Transcribe, starting at the line with "White Cardo T-shirt" and ending at the line with "2pcs Cook Hat", every line of the material below exactly, but leave out the pictures and anything outside that span.

··· Extracted records

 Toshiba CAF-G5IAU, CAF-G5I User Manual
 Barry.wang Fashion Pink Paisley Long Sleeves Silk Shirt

······
··· Extracted records

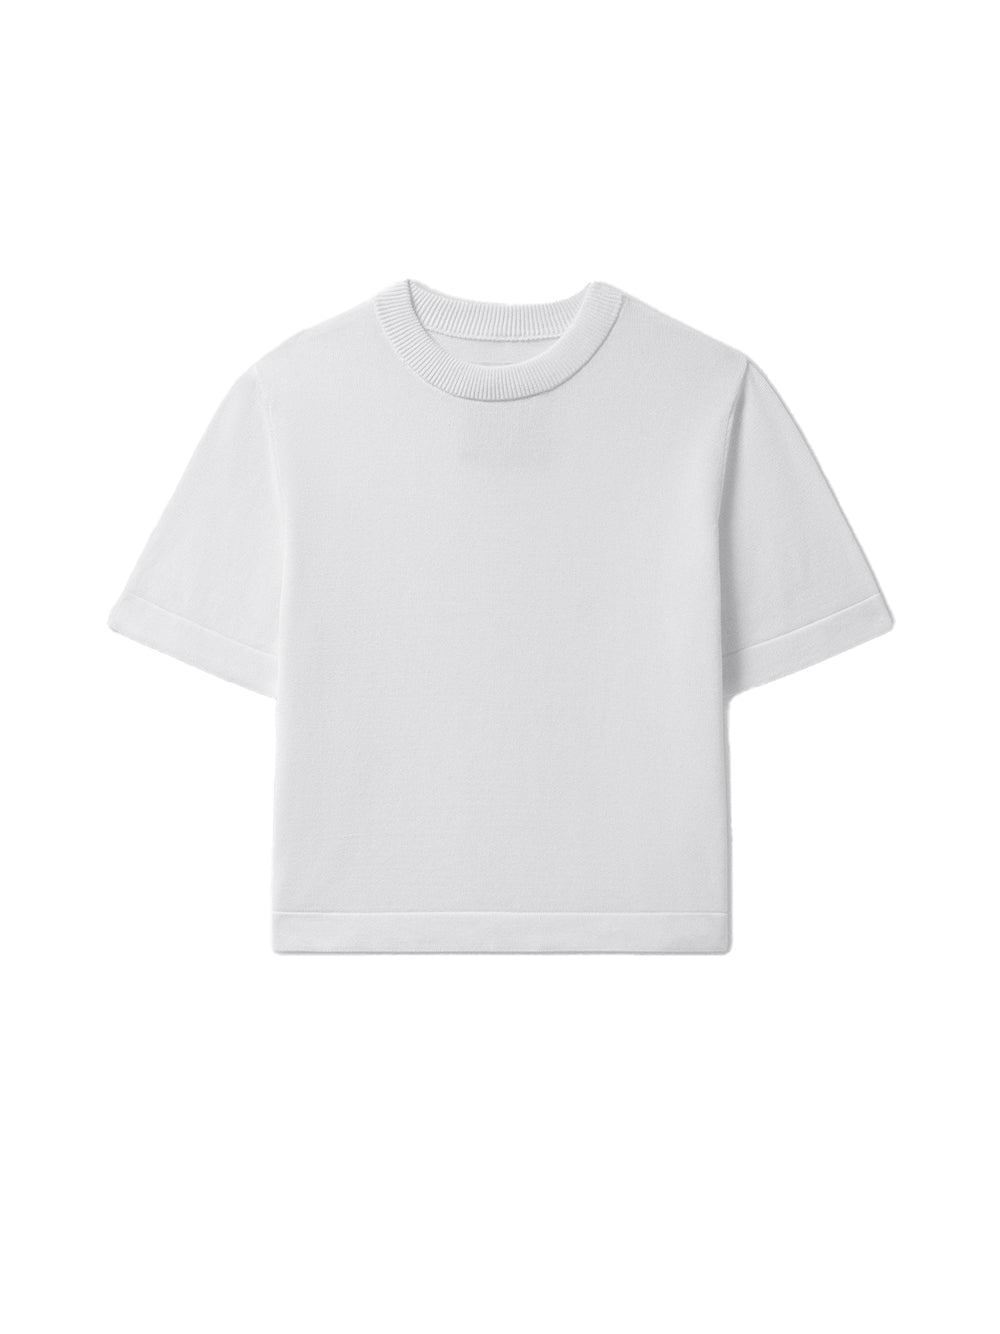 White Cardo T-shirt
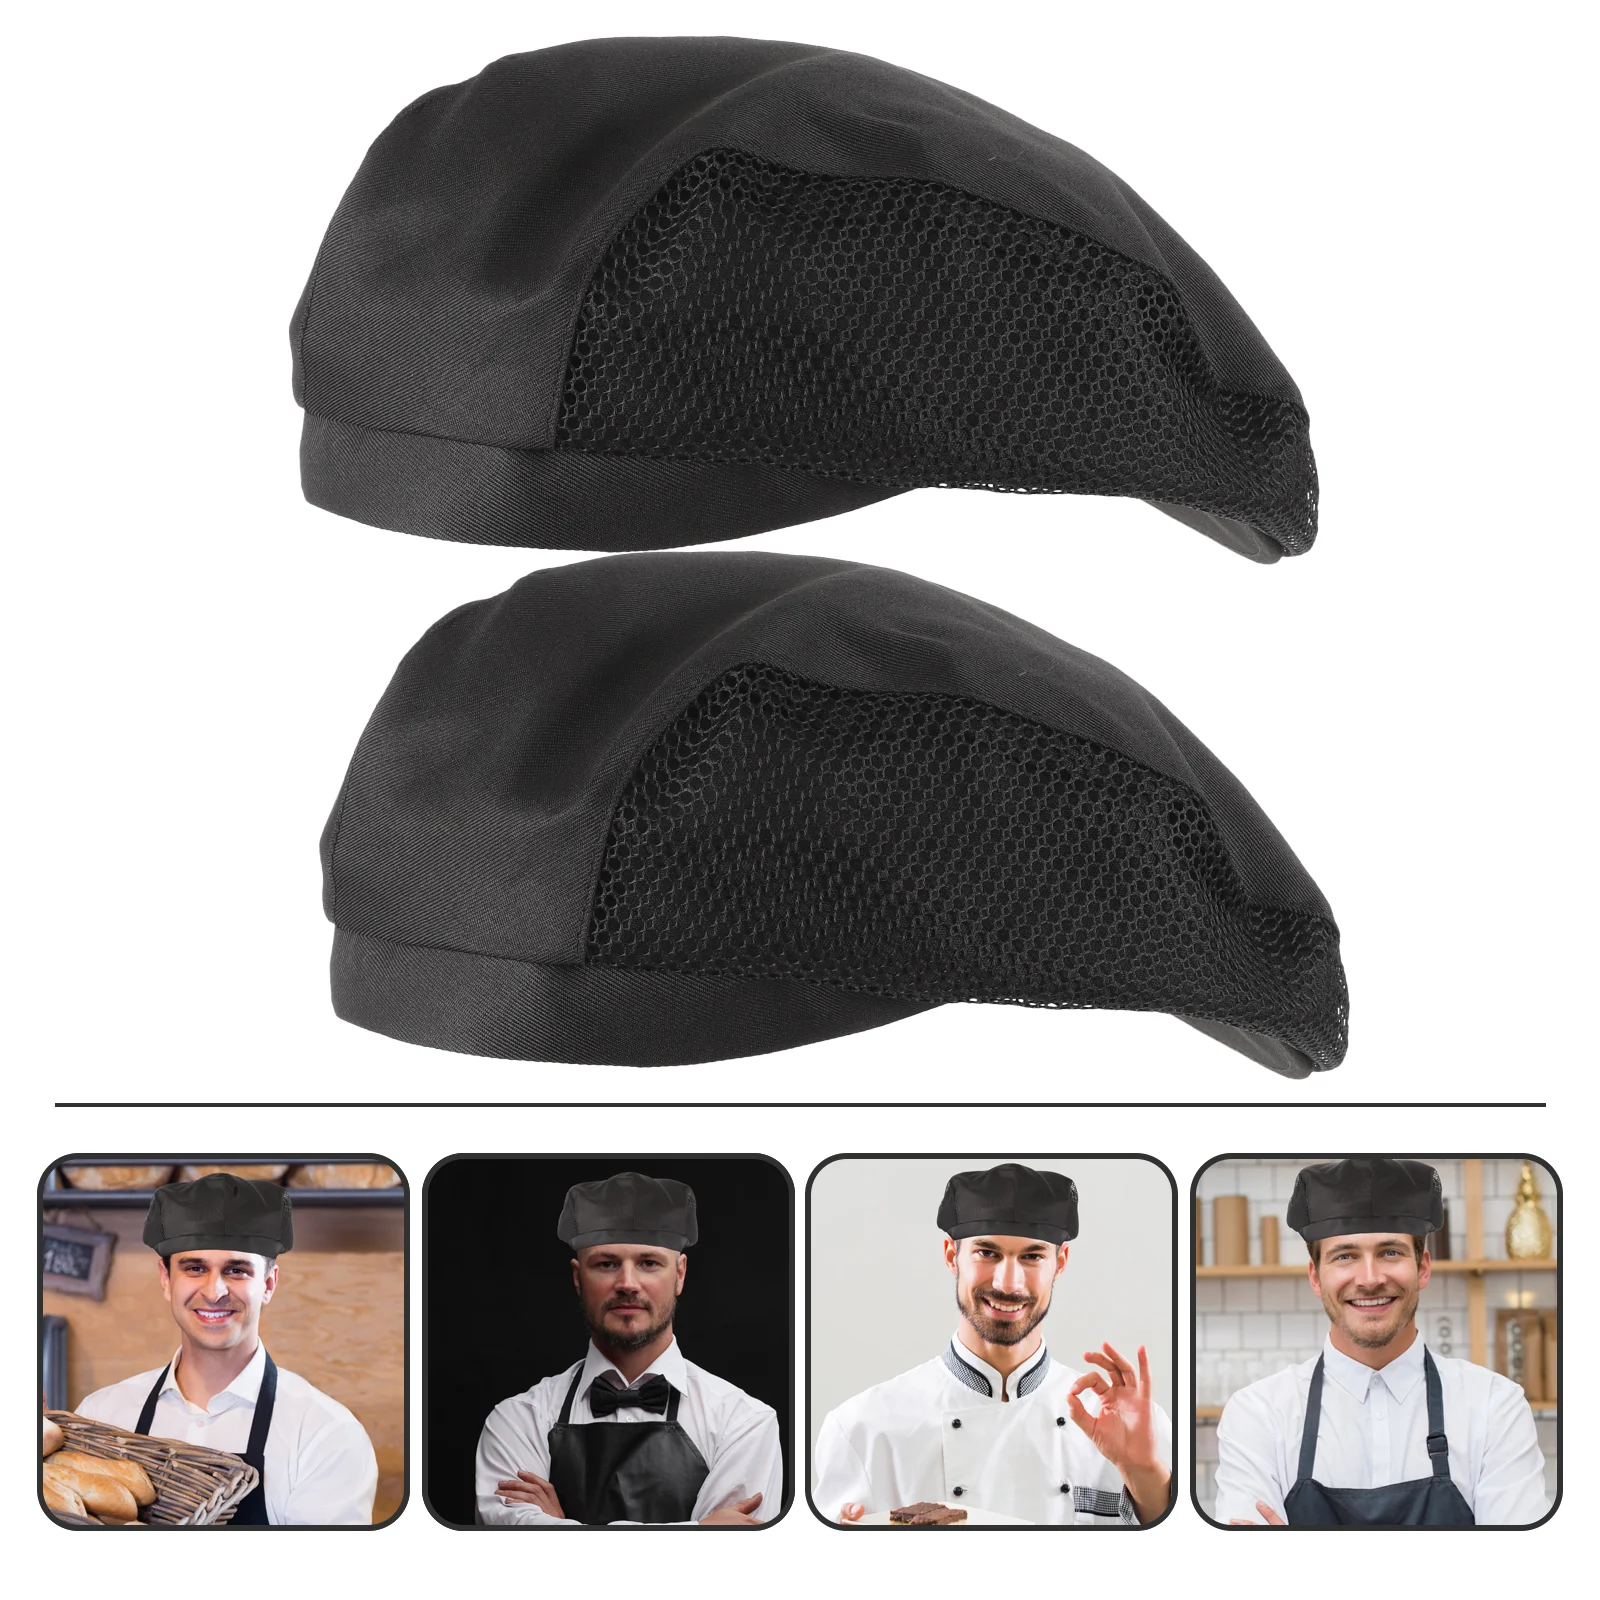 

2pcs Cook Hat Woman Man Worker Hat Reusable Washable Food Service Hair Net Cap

······
··· Extracted records

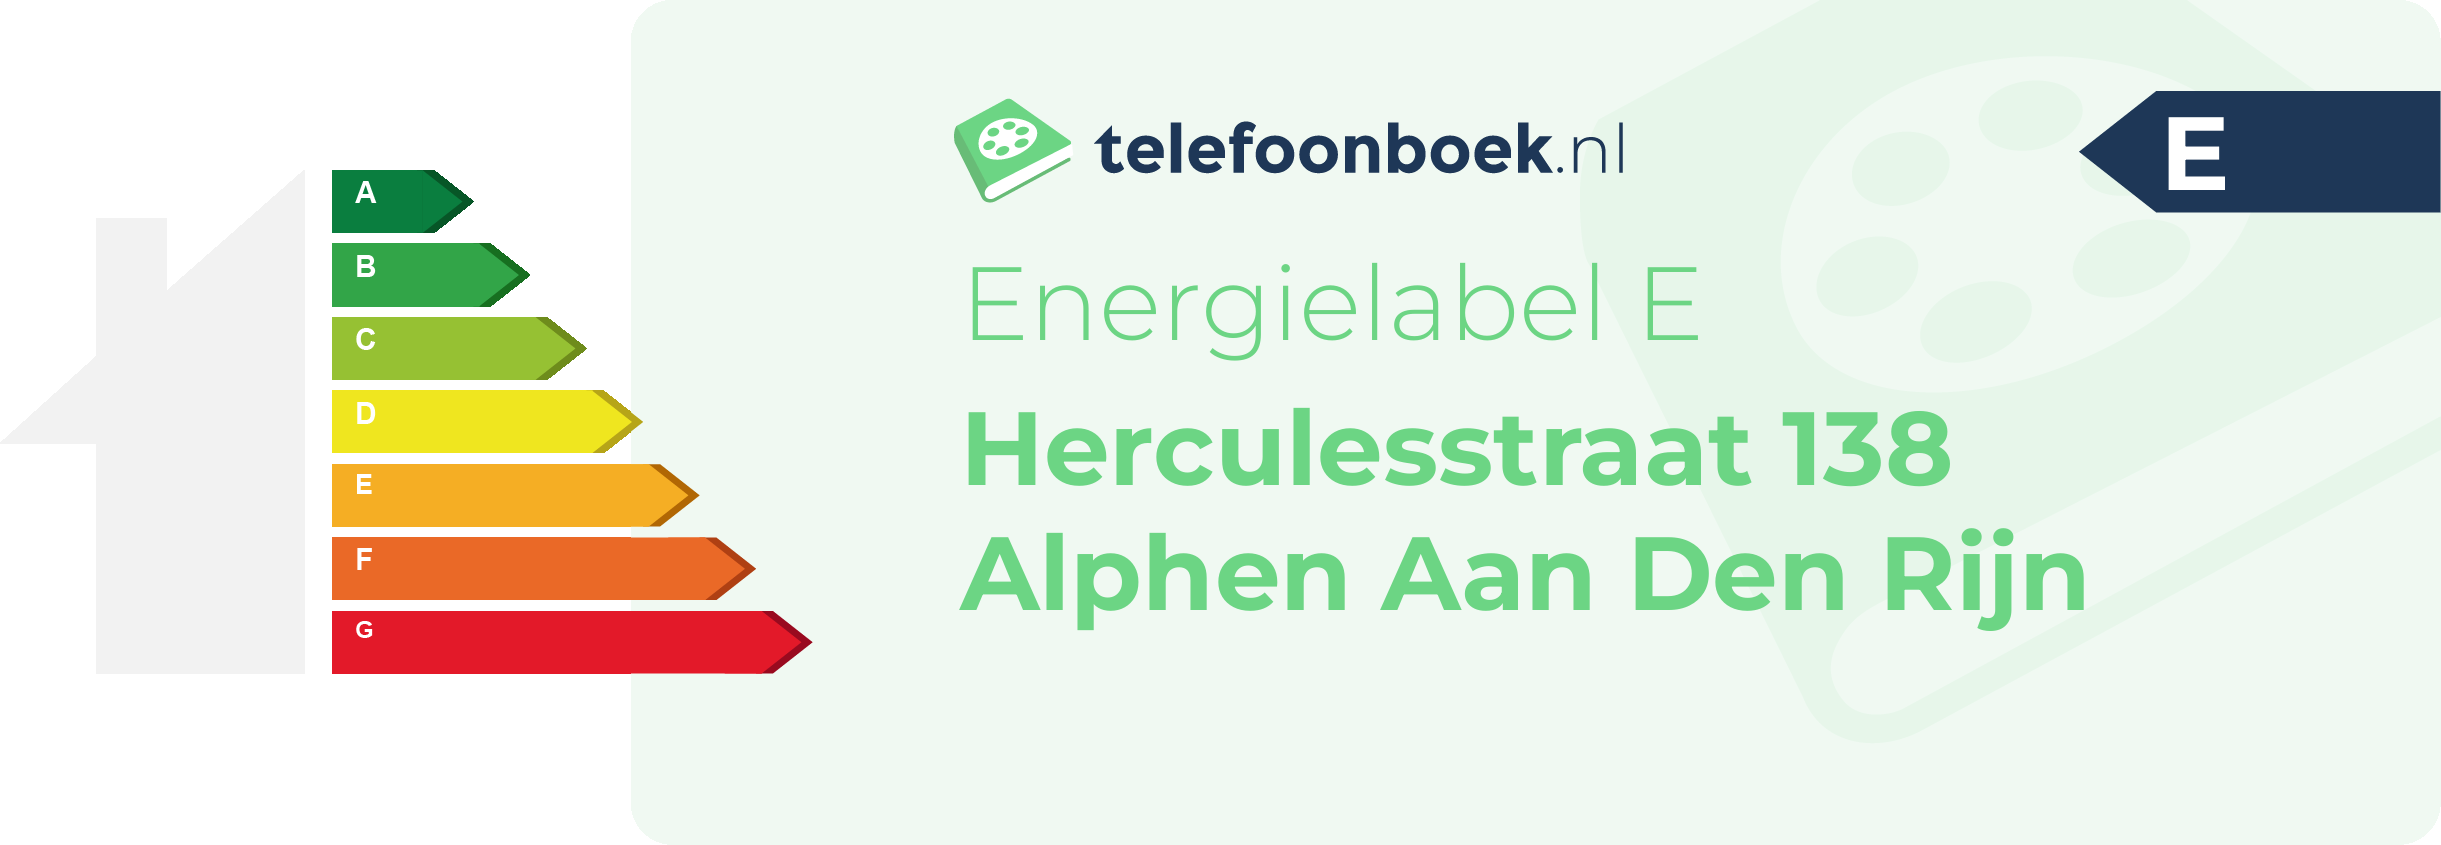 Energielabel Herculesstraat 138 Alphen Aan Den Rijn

······

Answer below –
 White Cardo T-shirt

2pcs Cook Hat Woman Man Worker Hat Reusable Washable Food Service Hair Net Cap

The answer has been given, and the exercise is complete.